Tables 9, 10, 11 and 12 show some selected results from Hierarchical and LSI.

Table 9. Hierarchical clusters and LSI topics in Italian Not released subset.
Table 10. Hierarchical clusters and LSI topics in Brazilian Not released subset.

LSI returns green and red words, respectively indicating positive and negative weights. A positive weight indicates that a word is highly representative of a topic, while a negative weight indicates that a word is highly unrepresentative for that topic [6]. We tried to either lower or increase the number of topics with no real impact on the overall intelligibility of the results. Hence, the disadvantage of combining Hierarchical clustering and LSI is that we had to interpret single words rather than strings.

In the Italian Not released subset, we could identify factors already identified with Lingo, e.g., the suspension of the prison term and its expiration as grounds (C16 topics) on the one hand, and the seriousness of precautionary requirements, the connection between criminal organizations and drug-related crimes as a reason for applying pretrial detention (C19 topics) on the other hand. This factor can also be observed in the Brazilian Not released subset (C12 and 21 topics).

Table 11. Hierarchical clusters and LSI topics in Italian Released subset.
Table 12. Hierarchical clusters and LSI topics in Brazilian Released subset.

In the Italian Released outcome, we can observe similar results to those obtained with Lingo. In particular, we identified a few words referring to the hearing of the defendant, the general requirements for applying a precautionary measure (C7 topics), and the prison time expiration (C4 topics). In the Brazilian subset we identified a set of words referring to the time-limit of the prison (C16 topics), and house arrest as an alternative measure (C5 topics). Moreover, the algorithm extracted the name of two judges that are related to the release outcome(C16 and C5 topics).

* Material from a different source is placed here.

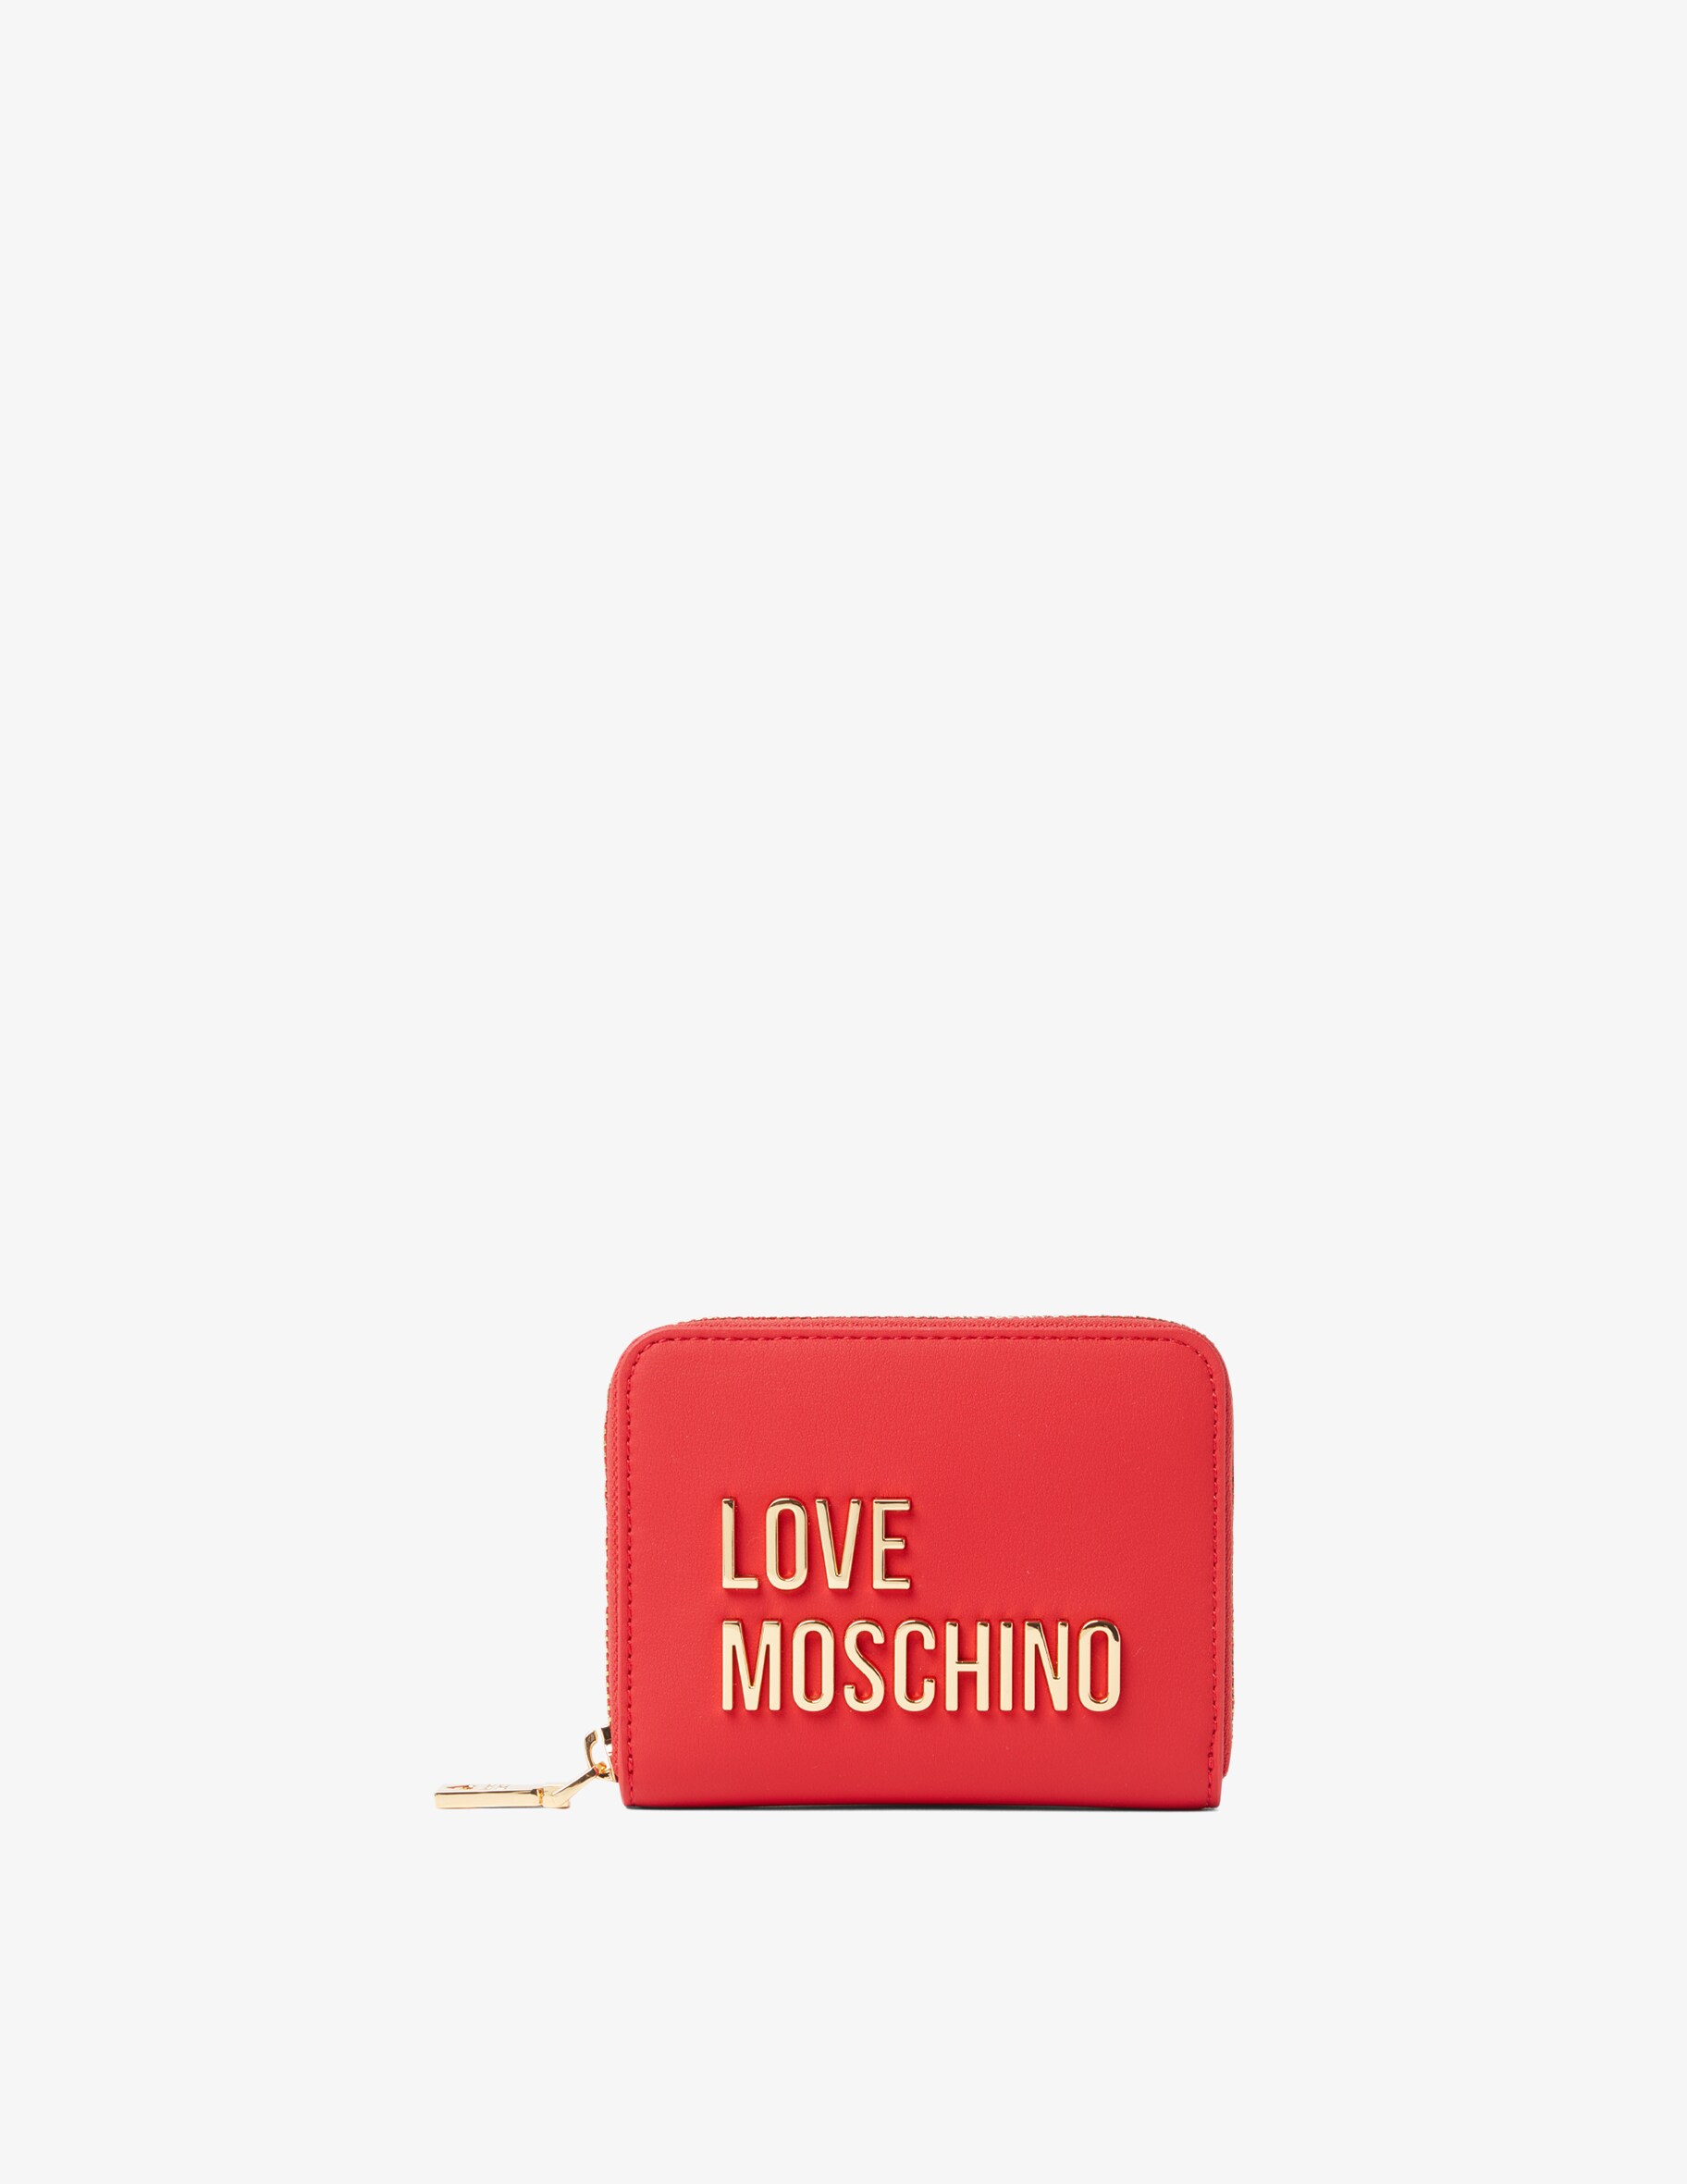 Кошелек на молнии Love Moschino, красный кошелек santoro текстиль на кнопках на молнии красный
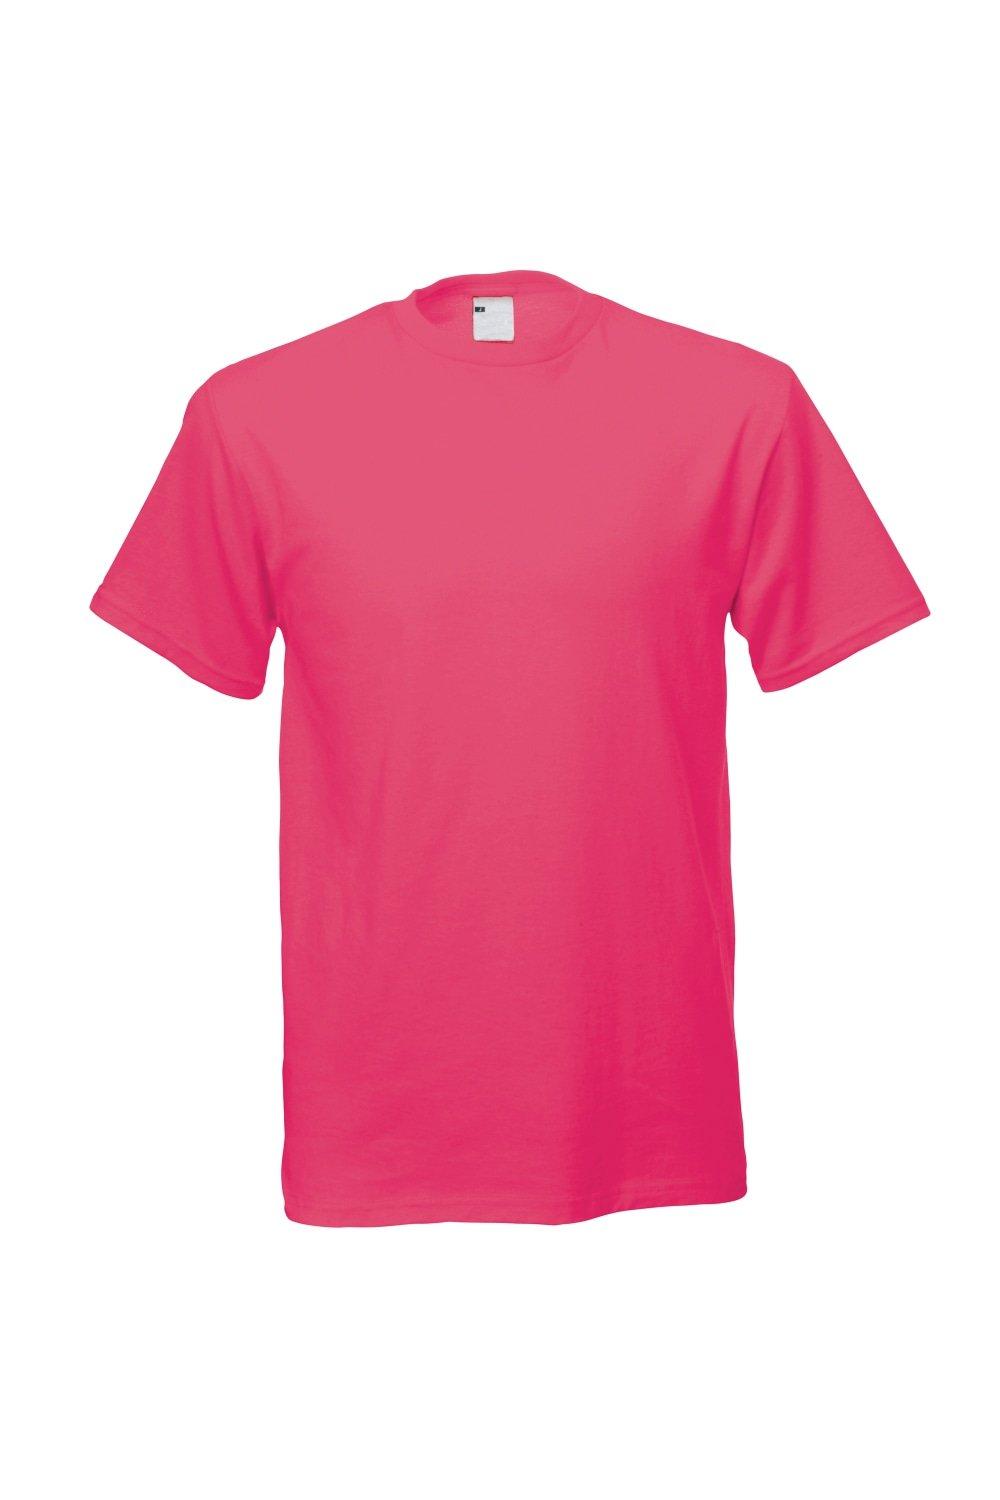 Повседневная футболка с коротким рукавом Universal Textiles, розовый

5 Conclusion and Future Works

It is well known that the Brazilian and Italian Supreme Courts usually maintain, rather than reform, decisions on pretrial detention by lower courts. In our experiments, we aimed to go beyond this obvious observation and analyse the reasons behind such decisions. This may help us in determining whether this practice is legally correct or rather reflects the reluctance to overhaul decisions by lower courts. While our analysis does not provide a definitive answer, it shows a certain consistency in high court decisions. In both legal systems, clustering labels and topics point to factors in common, i.e., the excessive length of time spent in prison, and the time-limits established by the law are factors which support the release. On the other hand, crimes against property, drug-related crimes and involvement in criminal organizations are highly related to the maintenance of the pretrial detention measure. The same is true with regard to the locations of Naples and Sao Paulo, suggesting that in these places serious crimes are more recurrent. In the Brazilian dataset, we found relationships between the judicial outcome and the judge rapporteur. This situation is absent in the Italian dataset. This may be due to the higher variability of judges in this Court. Concerning the experimented methods, Lingo performs better than the Hierarchical clustering combined with LSI. Labels are immediately intelligible and contain meaningful information, from both computer science and a legal perspective. Moreover, the topics resulting from LSI could not be as easily linked to any relevant legal circumstance.

Future research includes structuring a dataset based on the factors highlighted and performing classification experiments through deep and classical machine learning to predict the outcome. In this sense, we also aim to obtain explanation of the predictions through the extracted factors.